The problem →
From the material below, reproduce exactly the stretch of lines that begins with the line holding "LaZooRo: Monaco 20" and ends with the line holding "Grizzly G1861 Nail Gun User Manual", skipping the pictures.

Source data →
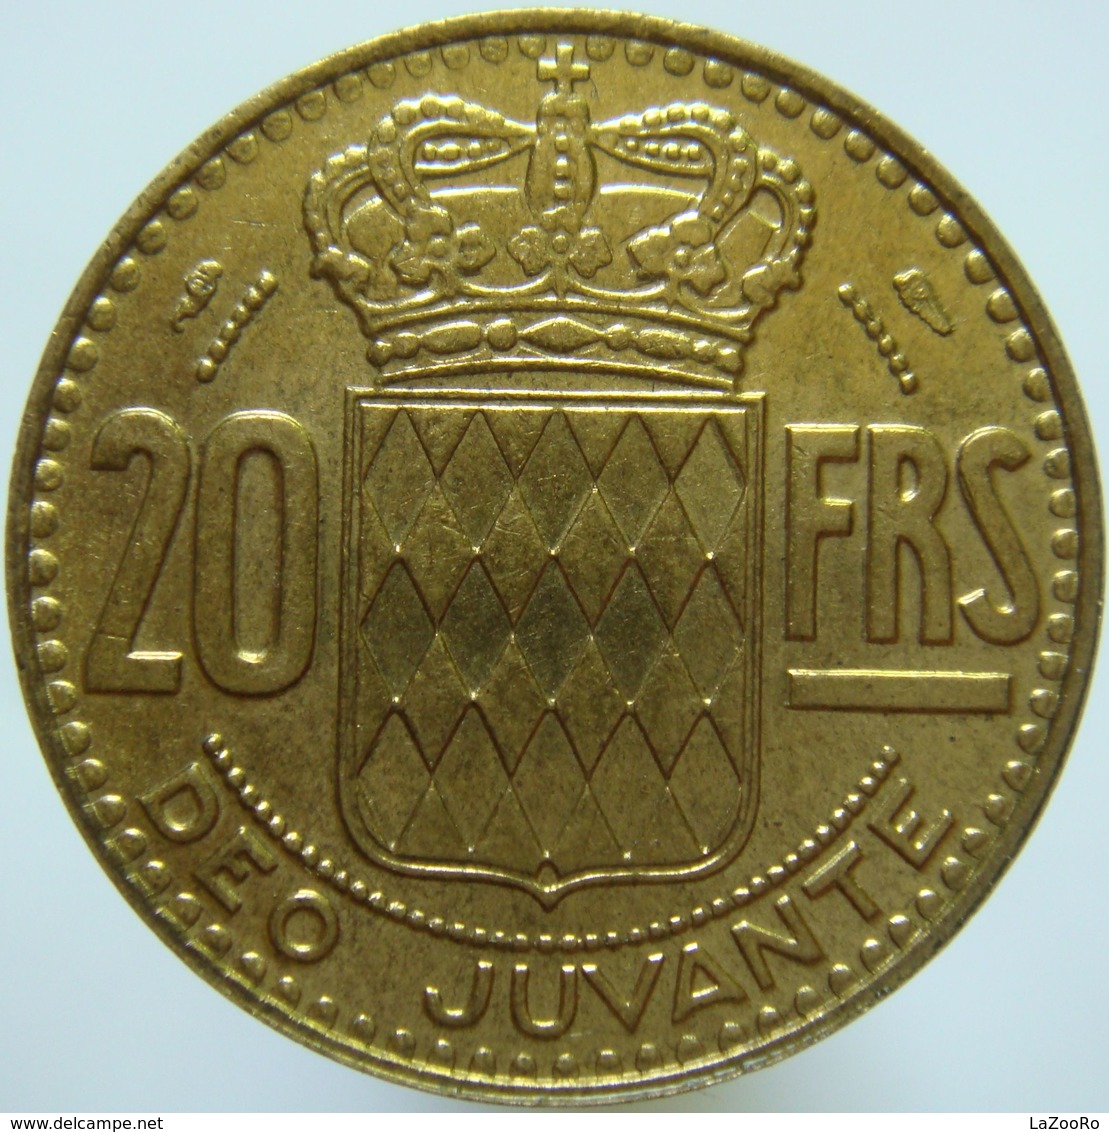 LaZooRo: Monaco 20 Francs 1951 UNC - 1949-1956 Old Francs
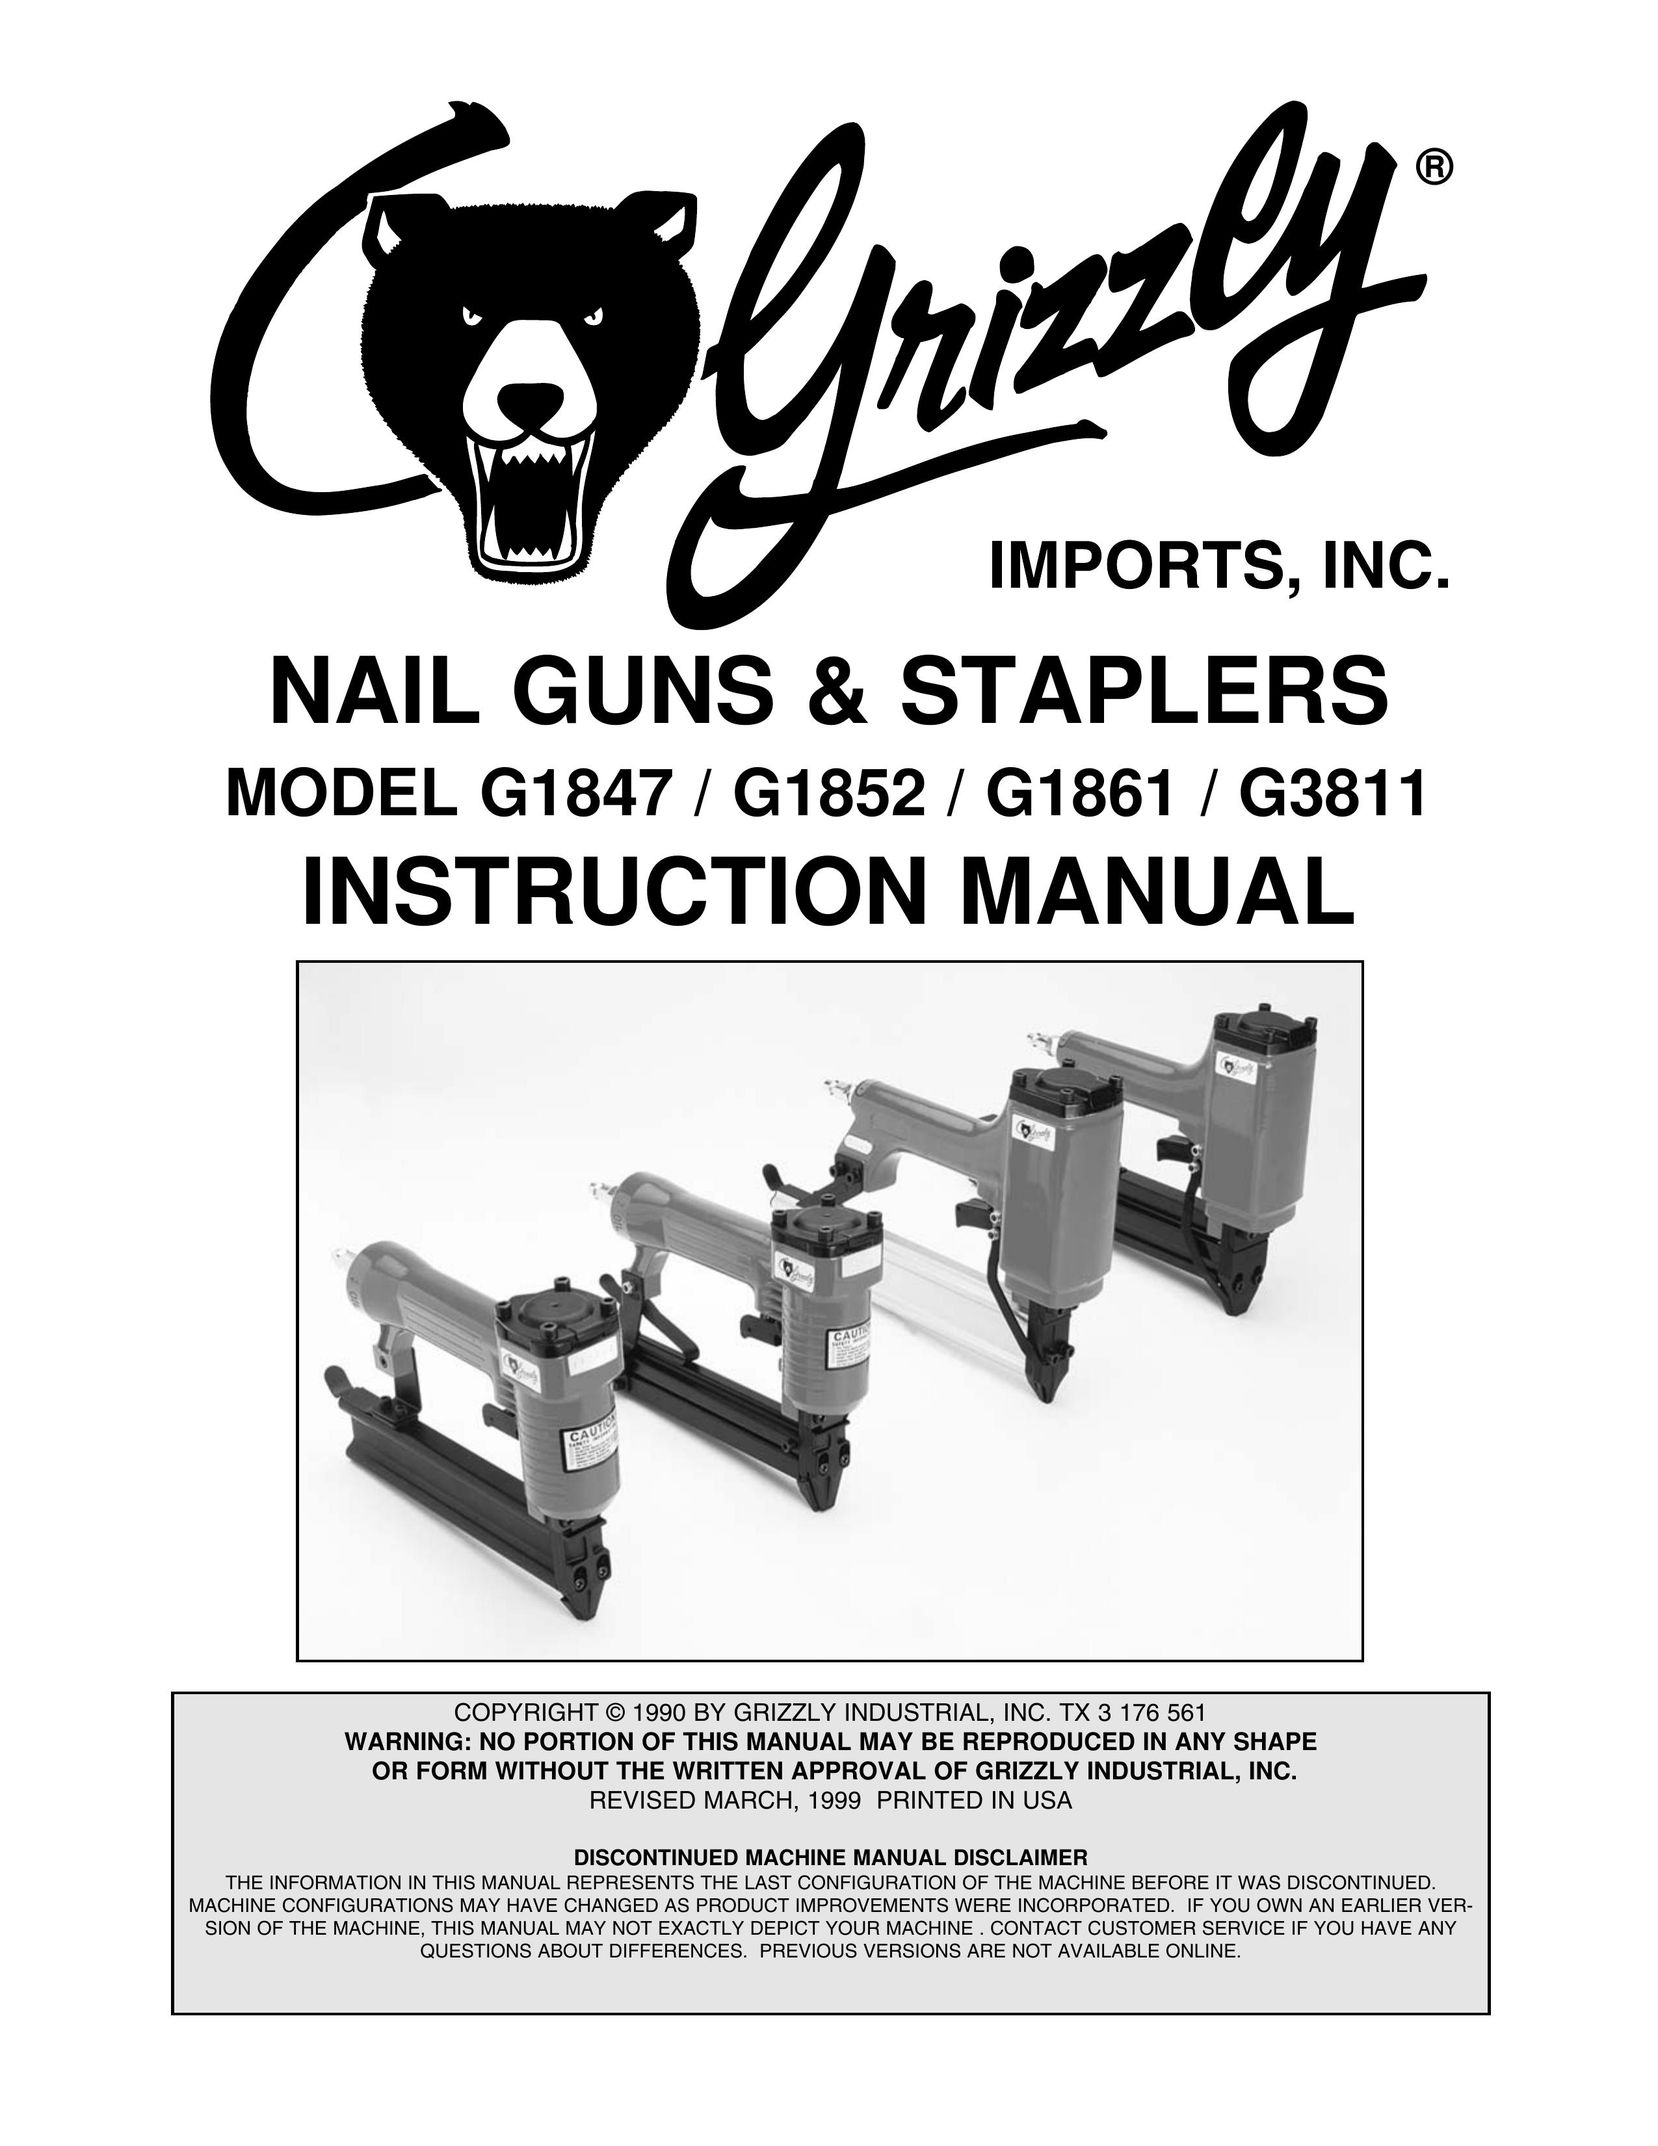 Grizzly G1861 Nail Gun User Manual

--

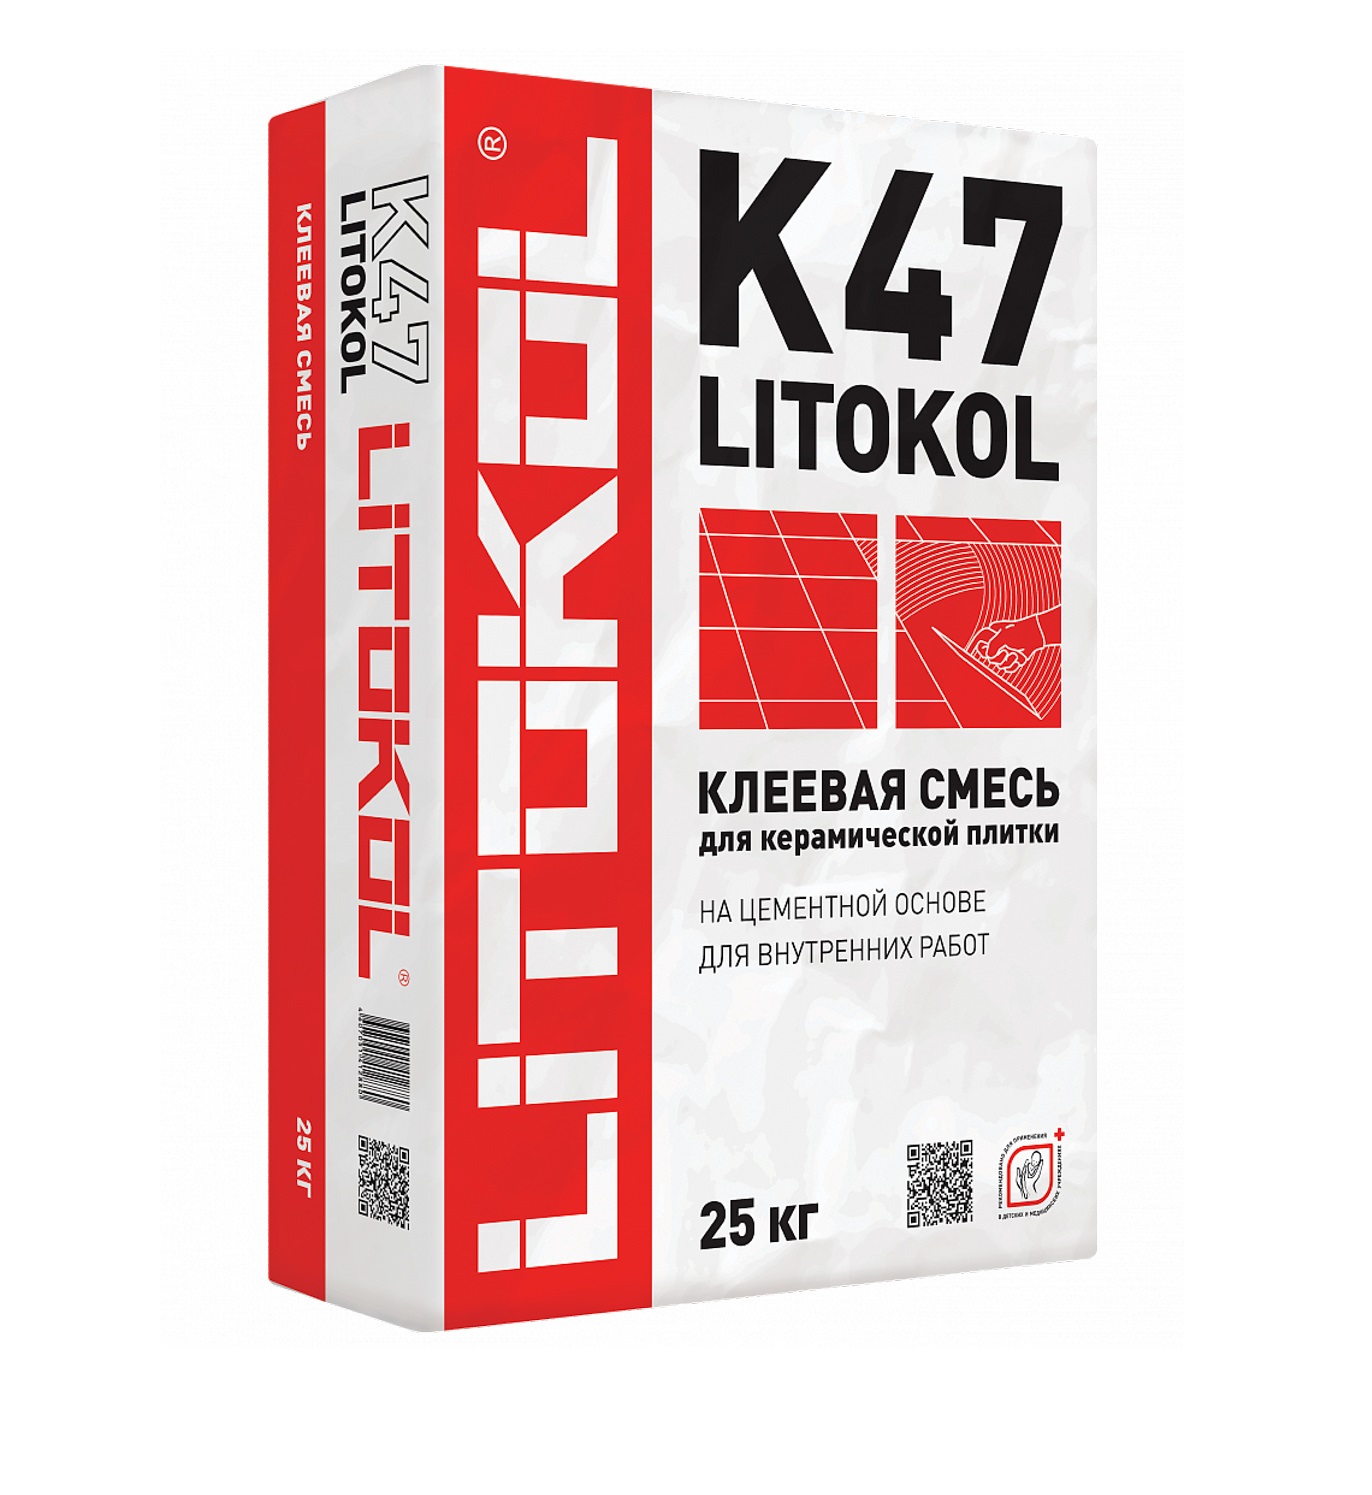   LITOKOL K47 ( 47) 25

Reply →
 LaZooRo: Monaco 20 Francs 1951 UNC - 1949-1956 Old Francs
 Grizzly G1861 Nail Gun User Manual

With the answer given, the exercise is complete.